I thought what the fuck is going on here? Where the hell is the huge can of defiance I was promised by the resident zombie Captain-at-Arms known as ‘Mama’? I walked up to the meeting place where the group gathered to say their mantras and discuss Occupy strategy; a quaint bricked area with benches that looks upon the state capital building, an alternative to the meeting spot back in 2011, which has now been closed off with a huge fence. The Occupy General Assembly would be meeting in five minutes or so which gave me a quick opportunity to find out what, if anything, took place earlier this day. Was there a confrontation? Arrests? Death toll? My eyes adjusted and I recognized a few faces here….Crazy Jesus Lady showed up sober, very sober in fact. ‘Mama’ did eventually show up but that was just as the meeting was to start so I didn’t have time to speak with her. The rest of those gathered were made up of the weaker strain zombies, weekend warriors, so to speak. Approximately thirty crawled together and this short pig-tailed woman who I recognize as another zombie officer starts the meeting by demonstrating the preferred hand signals to be used for communication and rules of conduct for the group. “Put your hands up like this if you agree strongly….put your hands like this if you wish to speak next…..” yadda yadda bullshit-these school yard hand referee movements were to be used in order to cut down on the amount of over-talking and verbal frustration that typically upended a lot of their meetings. I wanted to suggest a hand gesture myself that involved my dick and their face but restrained and gave them the courtesy of giving me and all those gathered an explanation as to why the streets weren’t being painted red tonight.
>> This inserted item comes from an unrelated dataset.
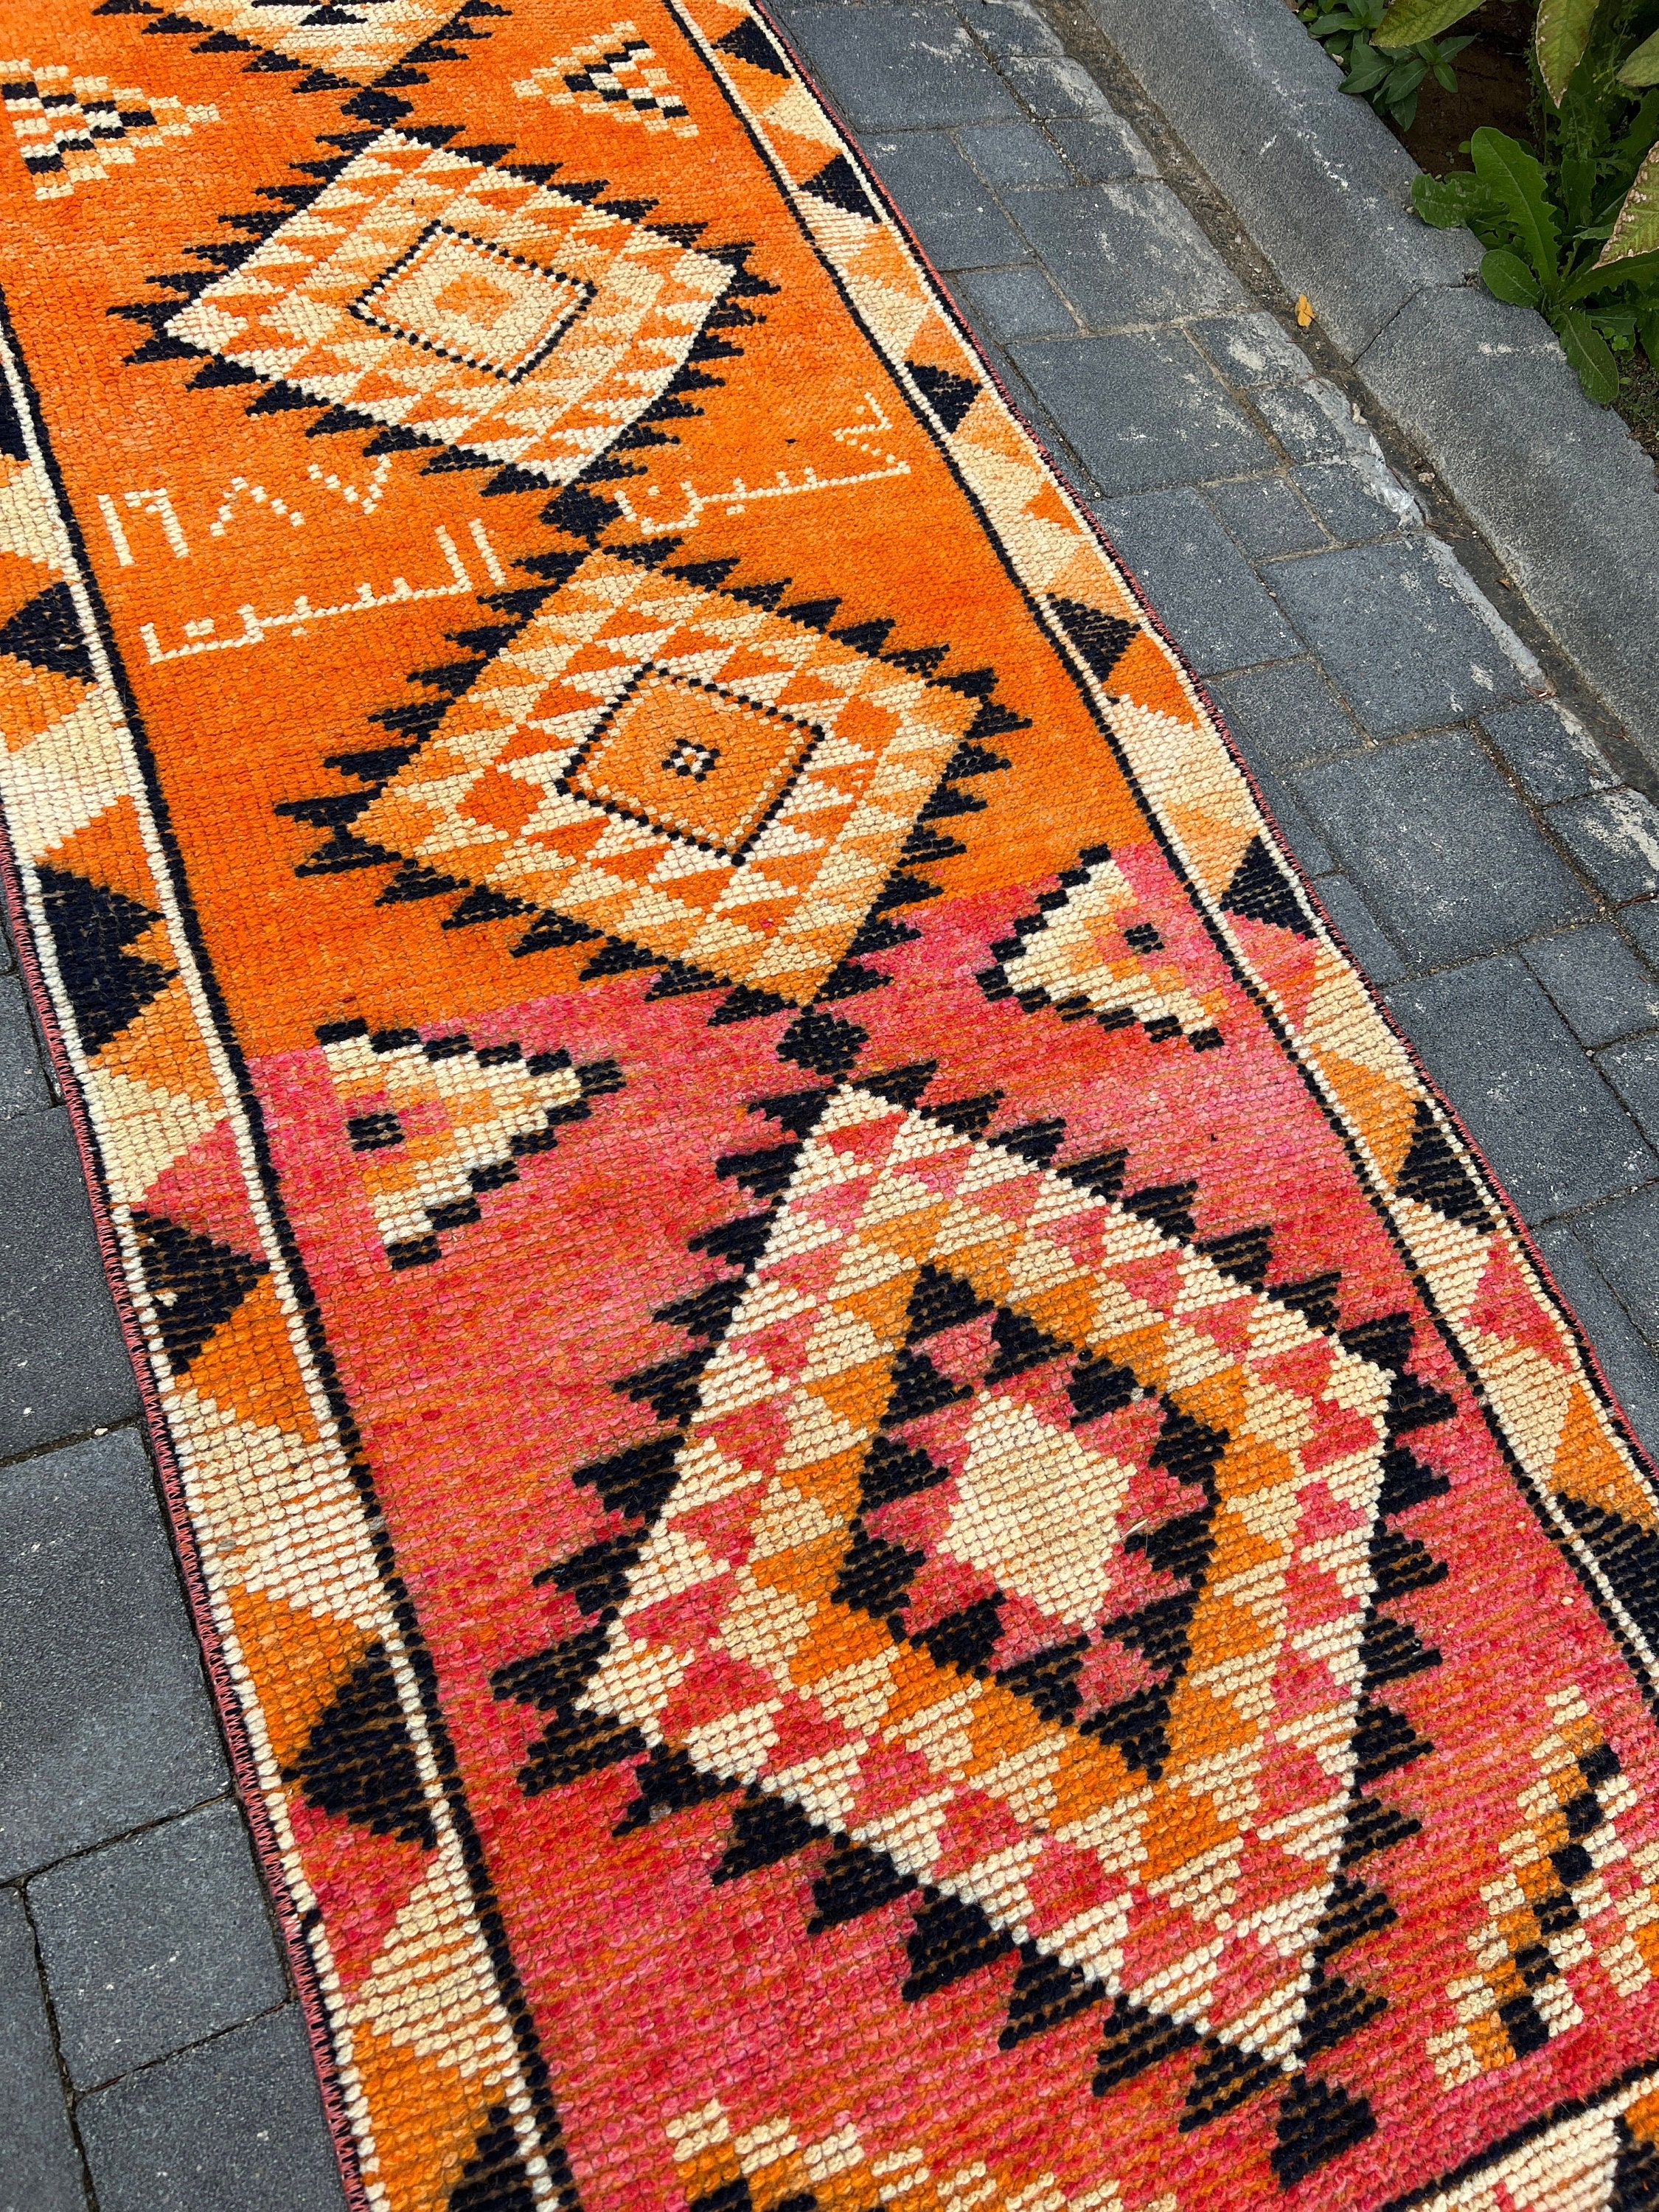 Authentic Rug, 2.9x12.4 ft Runner Rug, Vintage Rug, Turkish Rugs, Kitchen Rugs, Rugs for Kitchen, Home Decor Rugs, Orange Kitchen Rug

Get yourself used to saying the words “President Romney” folks, because my forecast calls for a big dose of Presidential lunchmeat come November. There are no where near the record numbers needed from the Democratic supporters to keep their hope alive and way too many believe they can rest on their laurels, believing the ‘other’ guy will go out there and vote for Obama. That’s a risky call, in my opinion. Romney is one of those nefarious weasels who will do anything to get to the Big People’s table, he’s come so far and won’t let go now. He has the taste for blood and knows the White House is within his grasp. Reason and logic don’t play into this election, politics has become a game about who you hate rather than who you like; numbers of voters who put the Great Hope and Change in office are losing their zeal. The push against him from the opposition grows. Media is buzzing once again with eligibility issues from Donald Trump, New York Governor David Patterson (WOR radio New York) and Mark Levin (BirtherReport.com). Noted talking faces like Rush Limbaugh and Sean Hannity have been beating that shield for some time but a large percentage of voters typically write those misfits of humanity off as being too biased to believe in-yes, Donald Trump should be lumped in with those two morons as being a pillar of idiocy but he does have this uncanny ability to attract worthy adversaries around him….like a thug magnet. This new rise in questioning the President’ background, school records, purported friends and relatives, shot records and any other official document are being scrutinized in more depth and more frequent by less extreme opposition making more moderate people ponder these allegations against the President. Mitt Romney, that bland packet of lunchmeat, can now sit back and let the Super PAC groups and string budget antagonists attack Obama. His best offense is to let the others do the dirty work while he plays the public with a pristine smile chocked full of pig lips and various animal parts. Just like those multi-packs of lunchmeat you buy at the store, they may say there’s a variety in each pack, but it all boils down to the same animal parts-same with Romney. He may say he has a new approach but it’s the same old song and dance and he knows his best strategy right now is to let others do the dirty work.

I stand off to the side and light my pipe, snap pictures and take notes while the zombie assembly prattles on about issues at hand. They ignore the 800 pound gorilla in the room-the fact that the anticipated protest against the police was a washout. More to come on this matter but I need to give my hands and your eyes a breather.